Lessons on digital transformation
QBE are deploying some of the most ambitious transformation projects in the insurance industry, increasingly using AI to improve efficiency and accuracy across the insurance process.
In this post, we recap our recent fireside chat with QBE COO, David McMillan, to discuss his learnings about digital transformation in insurance. This talk was moderated by Paul Clark, Partner and Managing Director of Boston Consulting Group. Watch the full-length video below.
What are the key learnings from the QBE digital transformation journey so far?
The business recognised the imminent impact of digital change and adapted early:
There was a recognition by the Executive Committee that data science, data analytics and artificial intelligence would be one of the new frontiers which the insurance industry compete over 3, 5-10 years. There is a real desire to invest and win in the space.
Focus on small targeted wins to gain momentum over large transformational projects:
Over the last 18 months, we have done about 150 data analytics interventions. This has created a real belief at all levels in the organisation that there is real value for the company and a real excitement around data analytics. There’s also a real degree of competition within business units on who is the most progressive.
How should organisations prepare for change?
Establish a vested executive committee:
QBE has an ops and tech committee and pretty much all board and non-executives sit on it to meet every four or so months. It’s a mix of traditional people and those who have seen transformation across financial services and other industries. There is a real focus on data analytics and where it’s going. The debate is not around whether this is important, whether we should invest in it and whether it will transform our industry. The debate is around ‘the how’ and ‘the pace’ of change.
Not everybody will be on board:
There is a mix of people who are excited that we’re getting to the cutting edge, but not everyone arrives at the same point at the same time.
Successful projects bring organisational momentum:
We have a strong vision on where we’re heading and the ability to be more agile doing small things builds confidence. This is helping from a change management perspective.
How will the role of the underwriter change?
The augmentation of data and process is constantly evolving:
I don’t think we’re at the point where we’re really addressing what it means for the underwriter. What does a modern underwriter look like in 2021? What are the skills you need to have and how do you need to harness this technology to do your job properly?
Access to new data will transform commercial underwriting:
One of the things that is really exciting about commercial insurance from a data science perspective is that it’s still relatively virgin territory compared to personal lines. Commercial property is probably 25-30% of our book… and it’s been underwritten in a very traditional way; the way it’s been underwritten for years. Yet you look at it, and there is an abundance of data available on individual commercial properties and the people that own them. That’s really what Richard and the team have tapped into. The wave in our industry is really gathering force.
Have you got examples of how to win hearts and minds across business units?

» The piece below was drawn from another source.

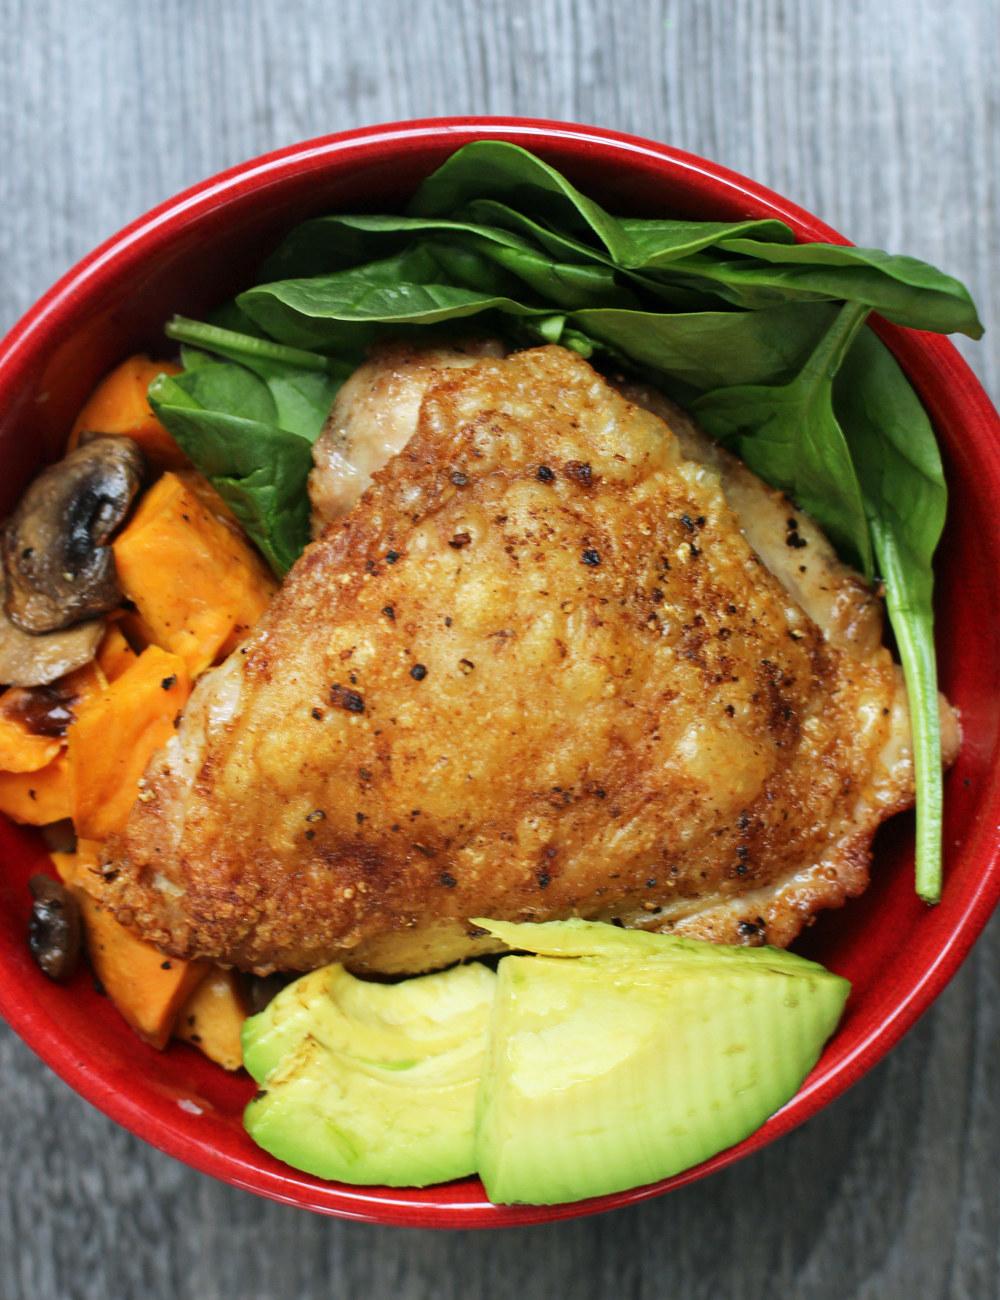 Here S A 40 Weeklong Meal Plan You Can Actually Follow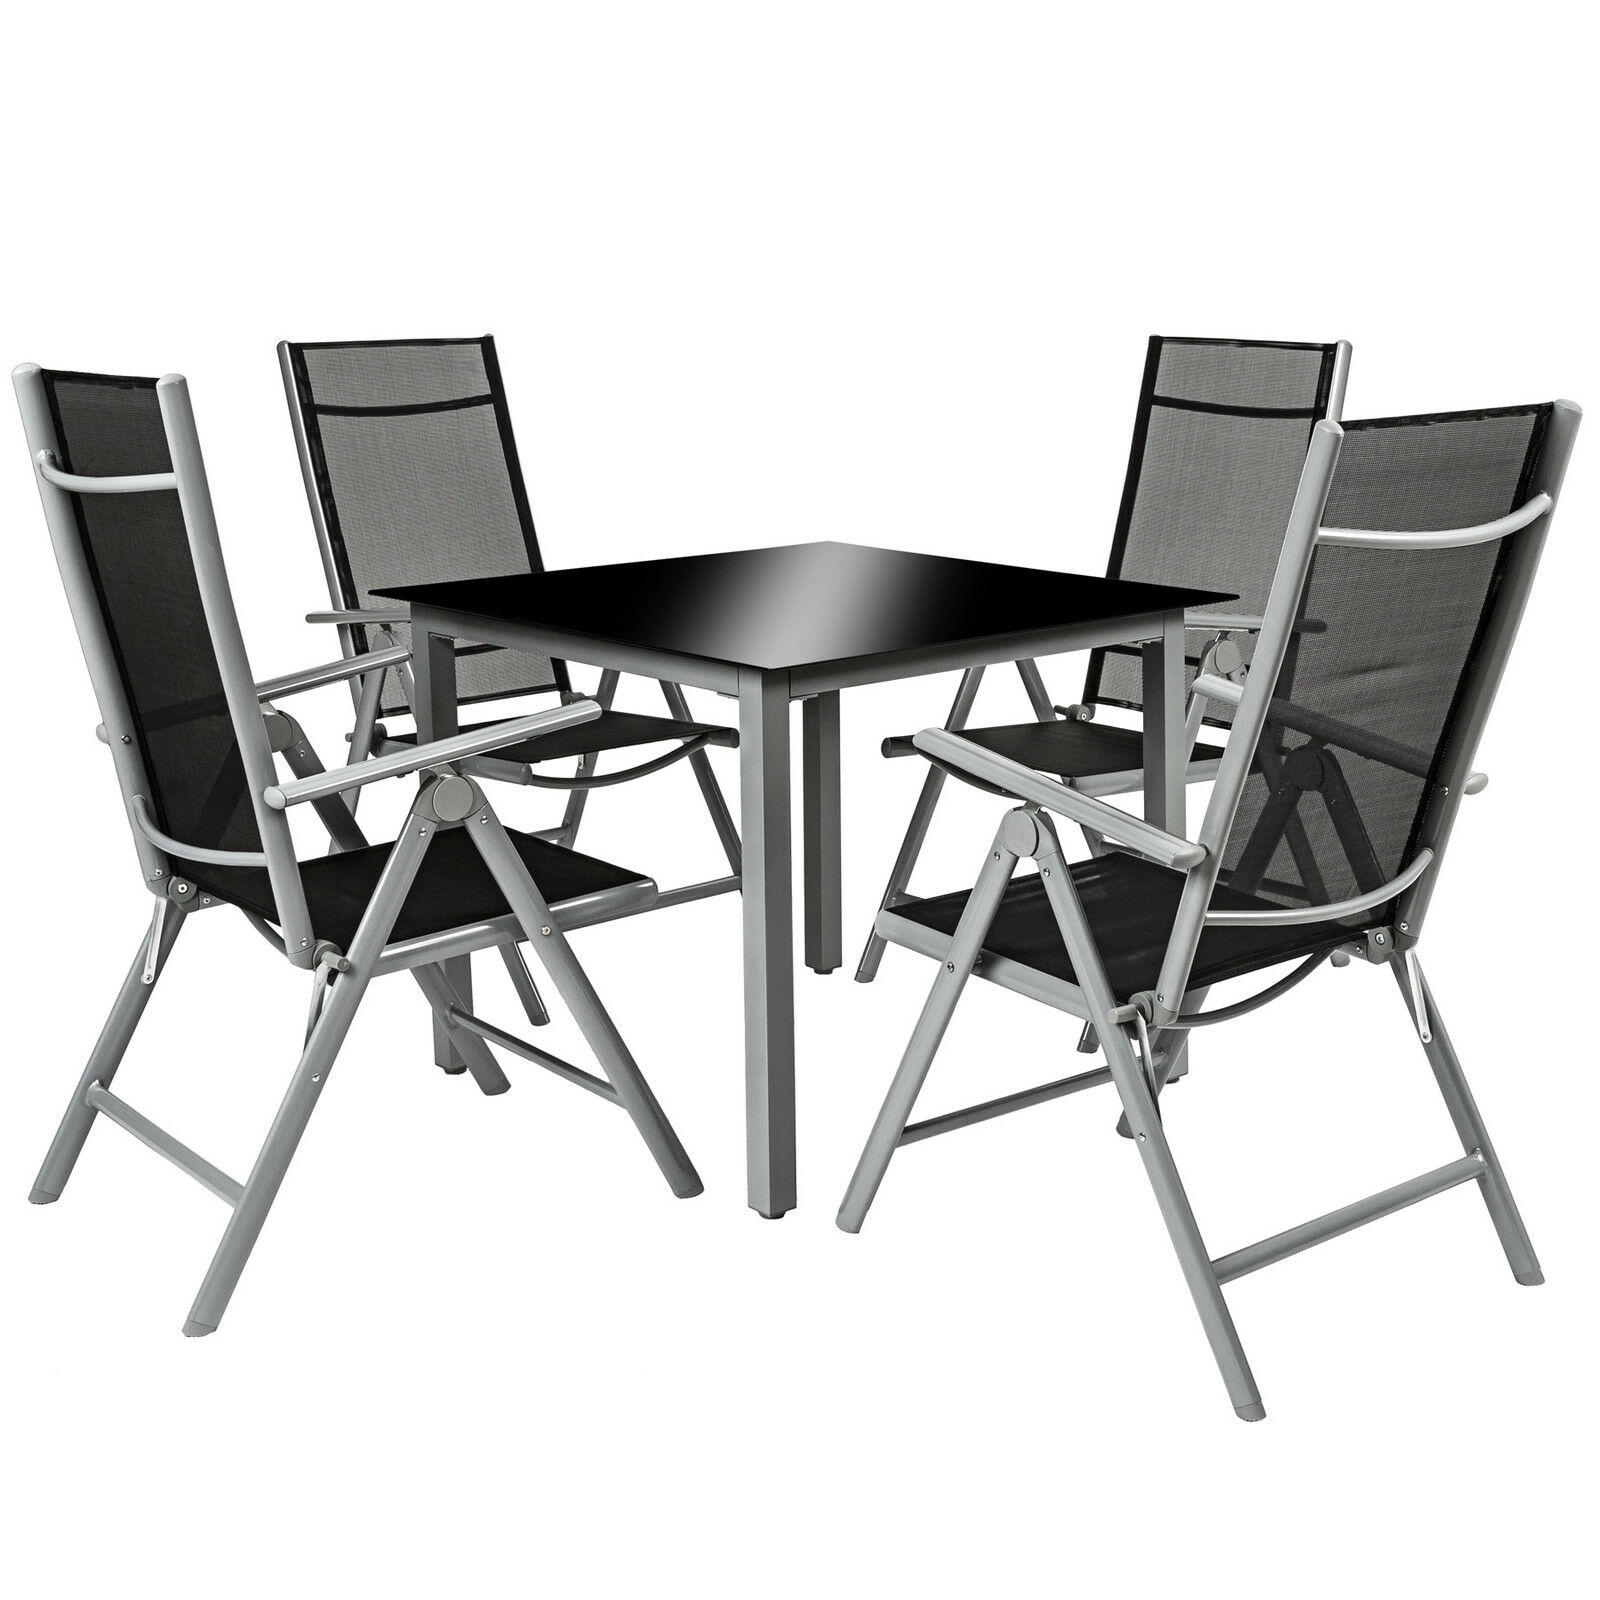 Aluminio conjunto muebles de jardin 4 1 silla adjustable for Sillas de jardin de aluminio

Get people across the organisation involved:
Getting people involved is always really helpful. A lot of data analytics projects come unstuck because it’s a whole bunch of really smart people in a darkened room with boxes of pizza cutting algorithms. You then get to the point that the algorithms are beautiful but how do they actually get implemented.
Deploy multidisciplinary teams:
Enabling the ultimate users, the technology, operational people and data science to work together is critical in getting projects off the drawing board and into production.
Stakeholder sponsorship makes a huge difference:
We’ve had more success when there has been a supportive pool, very active sponsorship and subject matter expertise input from the business.
What advice would you give to organisations addressing change over the next five years?
Create an environment for technology and data science to flourish:
Machines versus humans? A lot of this is about human capital and talent. We’ve not found it that difficult to recruit people as there’s a degree of understanding within the data science community that insurance is virgin territory and there’s a lot to do. There’s also the understanding that there’s a lot of data to work with. It’s really important – particularly for more traditional insurers to create an environment where data scientists, data people, digital people and technologists want to work.